Let $U$ be a domain in the plane and denote by $\mu_{x_0,U}$ the distribution of a Brownian motion starting at $x_0\in U$ by the time it hits the boundary of $U$.
Why is it that for $U=\mathbb{H}$ the upper half plane and any $x_0\in\mathbb{H}$, the exit distribution $\mu_{x_0,\mathbb{H}}$ is a Cauchy distribution on the horizontal axis (centered at the first component of $x_0$, and with scale parameter equal to the second component)? Note that the Cauchy distribution on the horizontal axis is the distribution of the intersections between the horizontal axis and random straight lines through the starting point with uniformly random angle.
Obviously this uniform angle property also holds for the exiti distribution from $U=\mathbb{D}$ the unit disk when $x_0=0$ (in this case the exit distribution is just the Hausdorff measure on the circle).
The question title was written in an attention gathering fashion though: I know this uniform-angle propery can't be true for all domains, but rather I'd like to ask what makes it true for the two special cases above and what makes it false for other domains.

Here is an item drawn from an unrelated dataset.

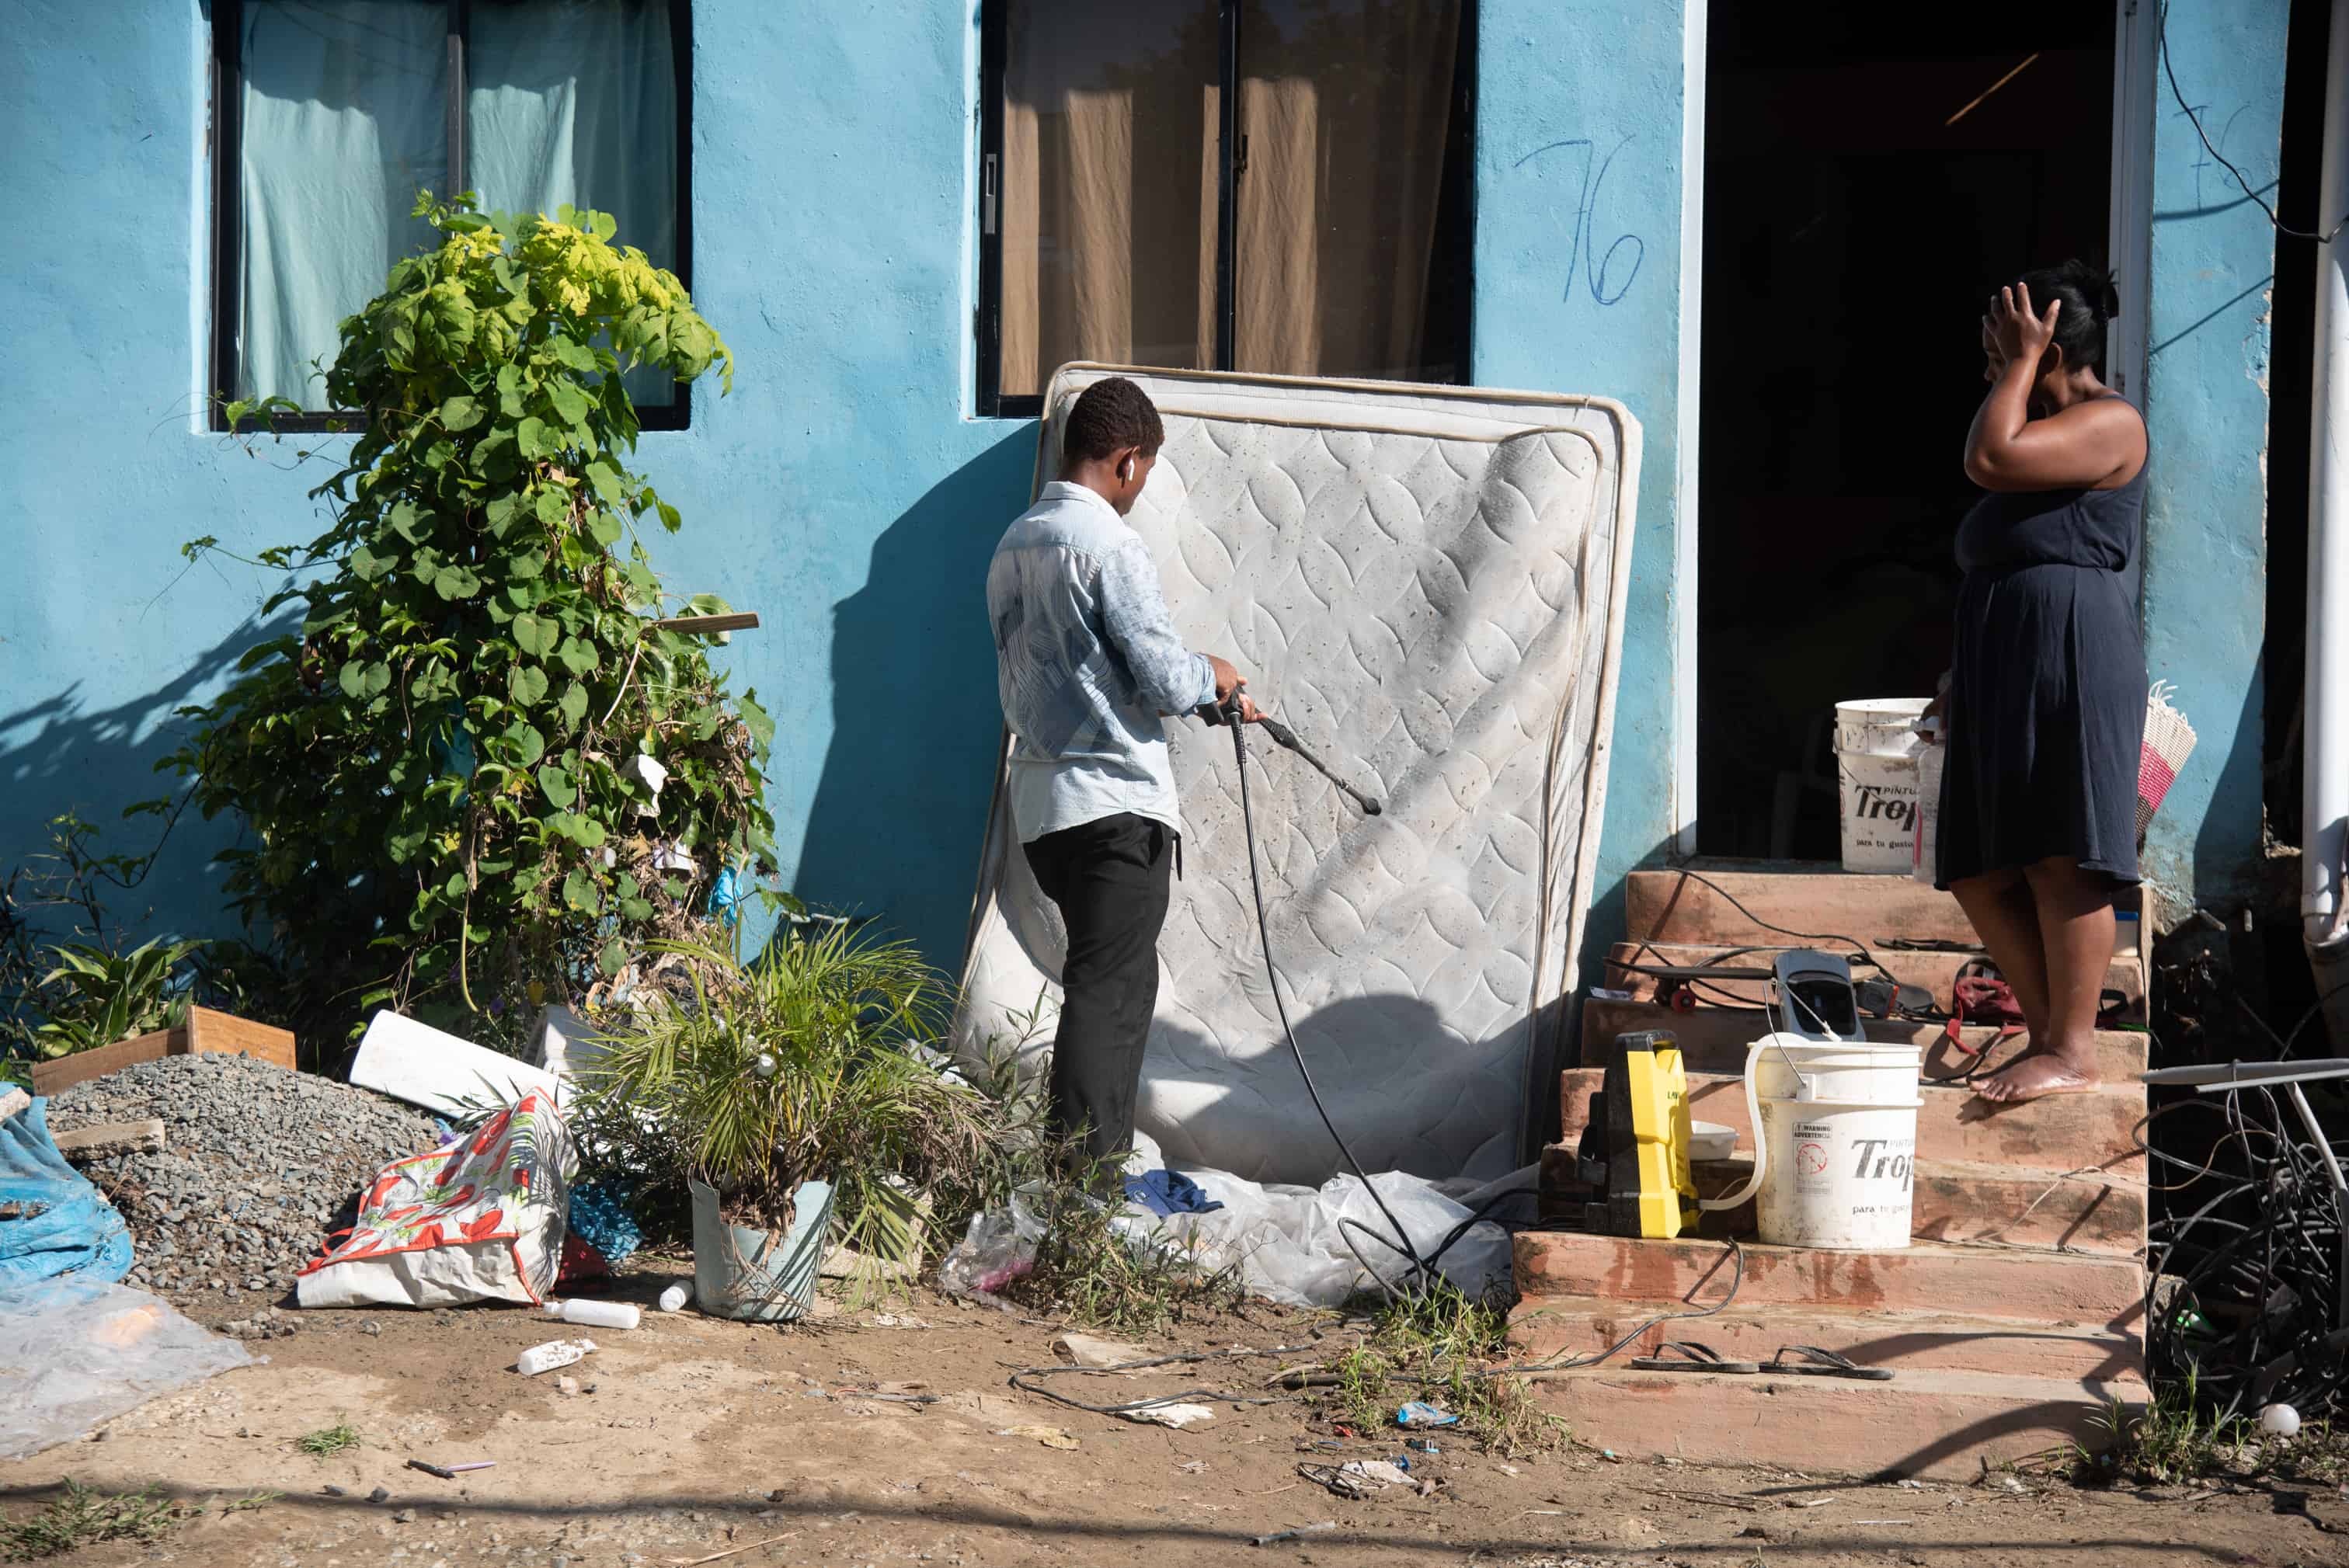 Recuperando la normalidad. Los vecinos de el barrio Las Ochocientas limpiaron sus casas y pertenencias tras las inundaciones provocadas por las fuertes lluvias del viernes 4 de noviembre.

EDIT: In a lame sense, the answer is "it's true for the half plane because the Cayley transform preserves BM up to time reparametrization and takes the horizontal axis to the circle and has derivative proportional to $1/(z+i)^2$, the absolute value of which is the Cauchy distribution for real $z$". This isn't very revealing to what's going on though, at least to me. I still don't have a clear picture of whether the uniform angle property maybe is true for all, e.g., convex domains if only formulated well enough (e.g. first pick a random line, then simulate a one dimensional Brownian motion hitting the boundary intersected with that line)